### WORK TASK
For this exercise, retype all the data exactly and exclude every image.

### SUPPLIED INFORMATION
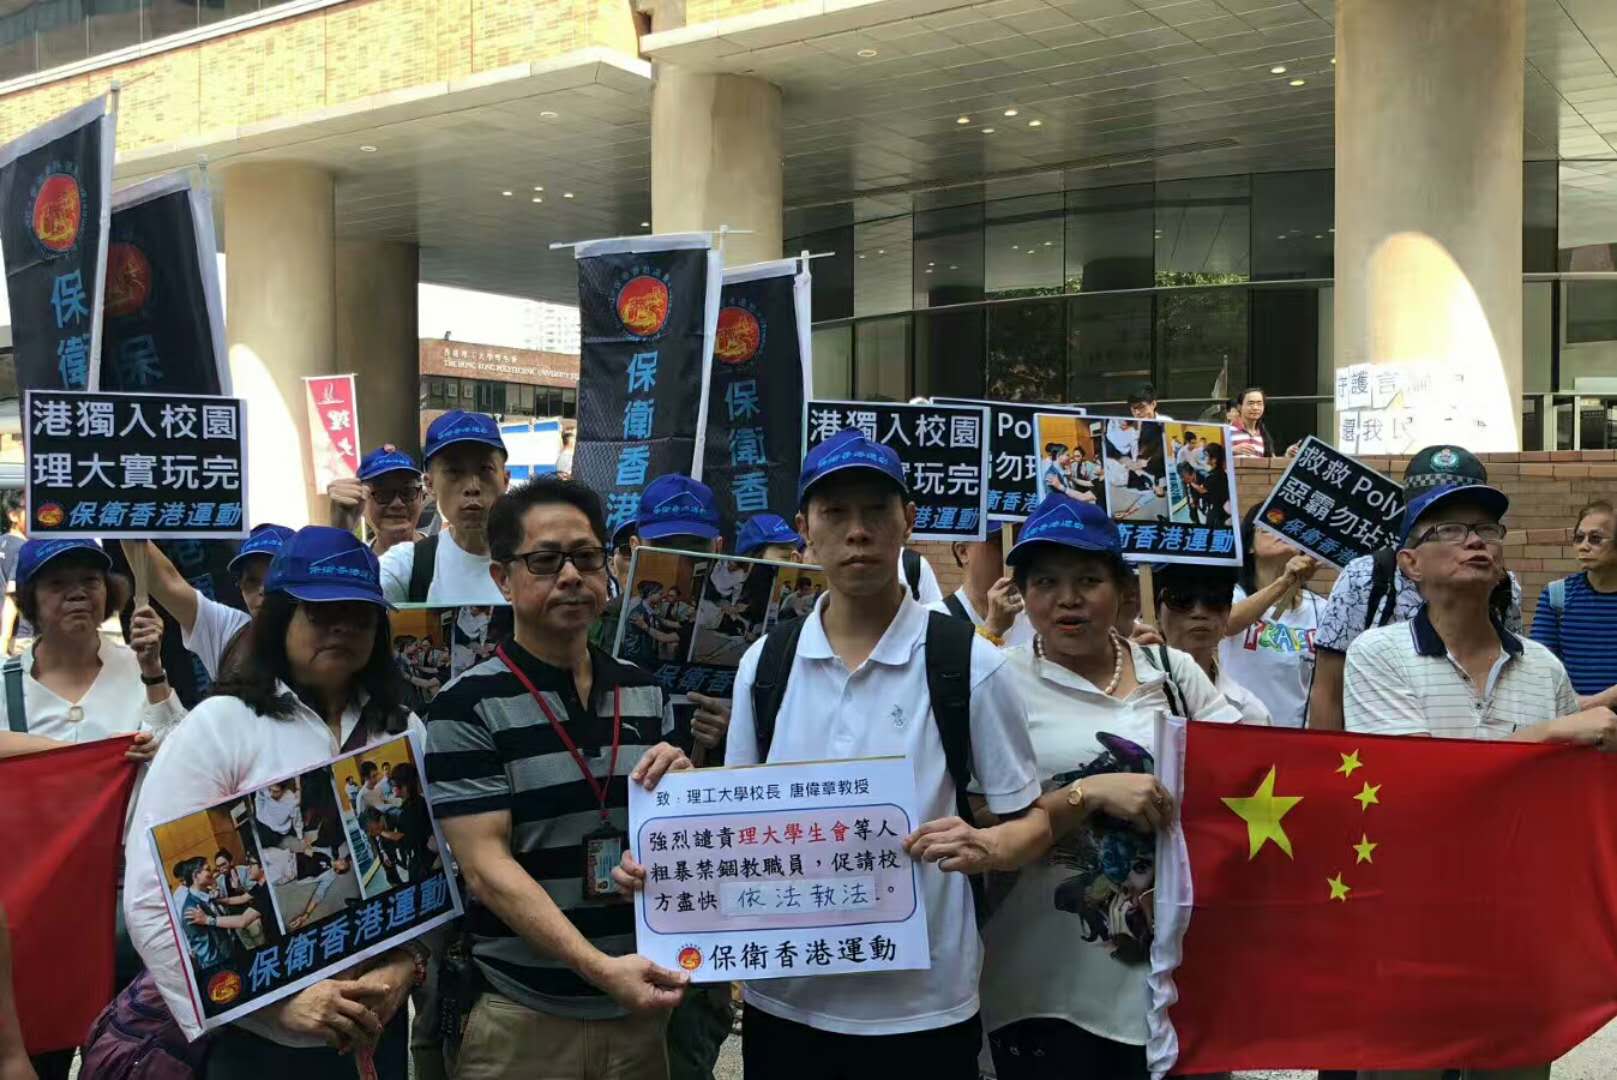 團體遊行抗議理大學生會暴力行為 冀校方阻止「港獨」進入校園 
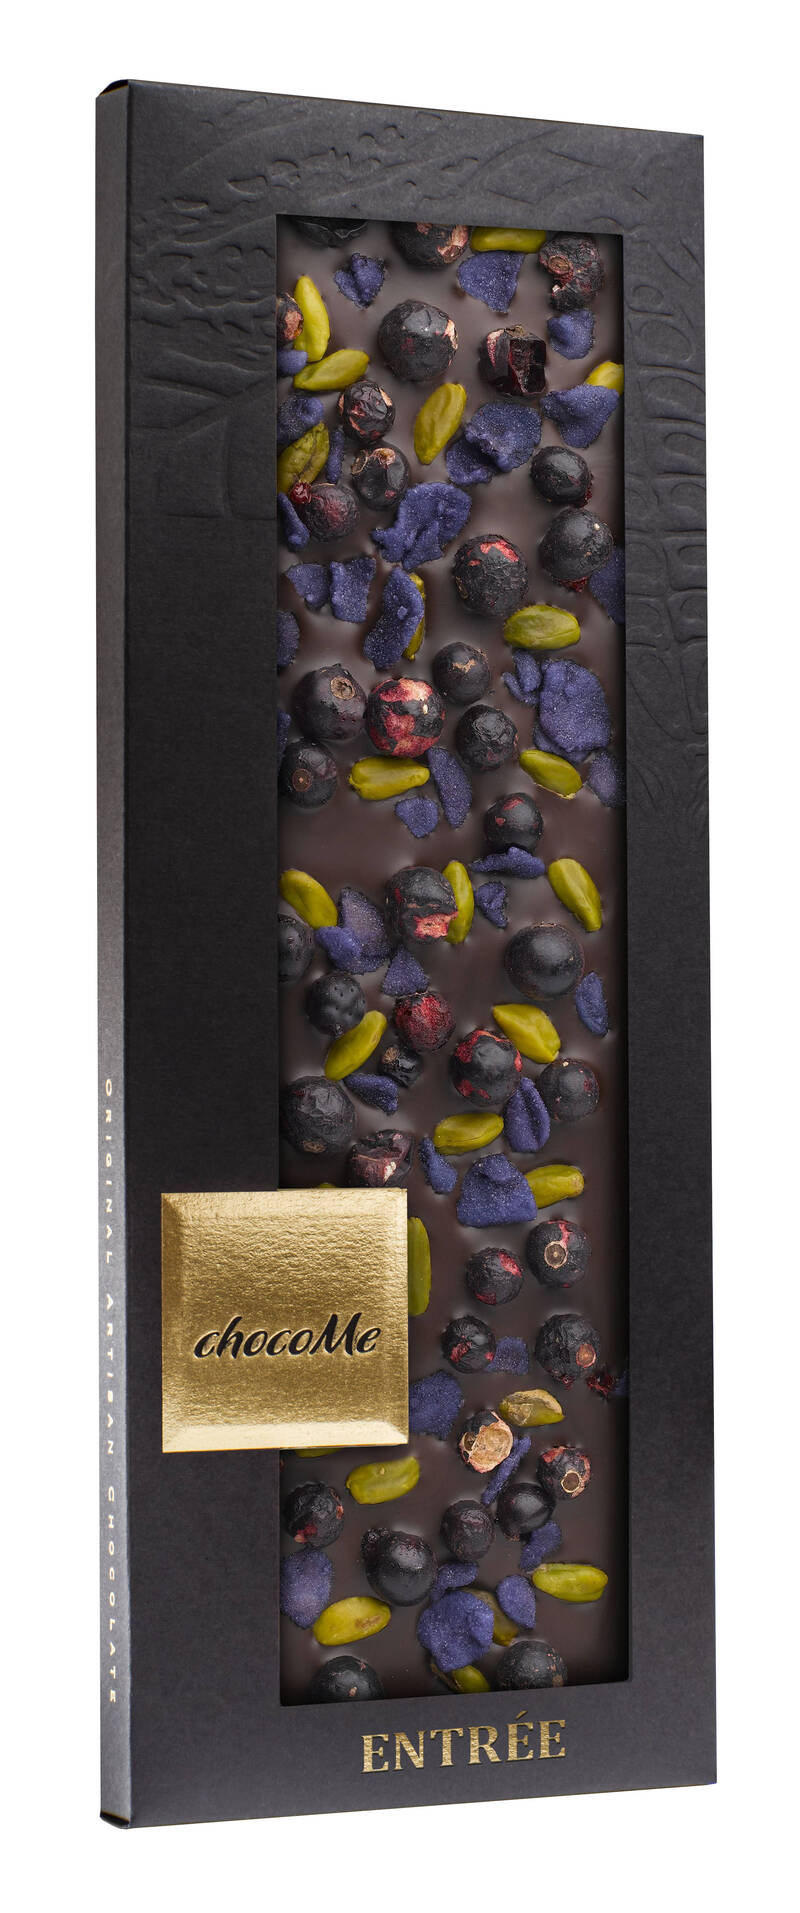 ChocoMe -choklad - Entrée - 110 g. (7 alternativ)
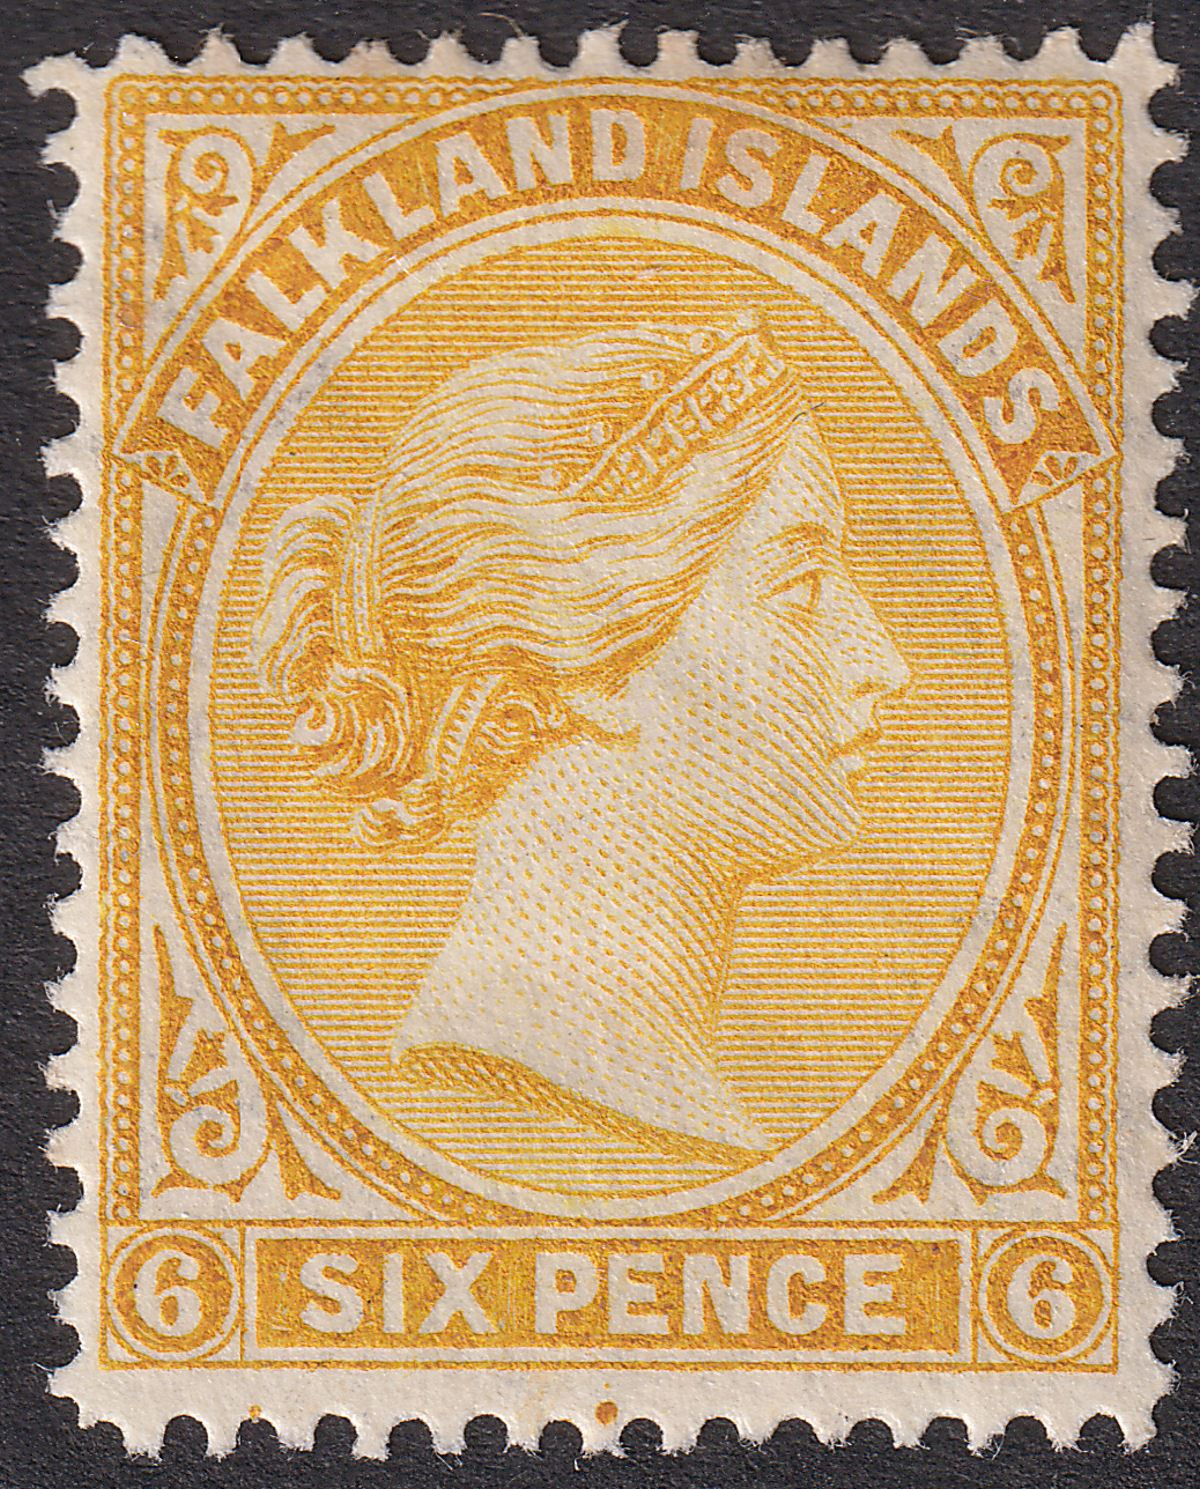 Falkland Islands 1896 QV 6d Yellow Mint SG34 cat £55 tones

### TASK OUTPUT
 團體遊行抗議理大學生會暴力行為 冀校方阻止「港獨」進入校園 
 ChocoMe -choklad - Entrée - 110 g. (7 alternativ)
 Falkland Islands 1896 QV 6d Yellow Mint SG34 cat £55 tones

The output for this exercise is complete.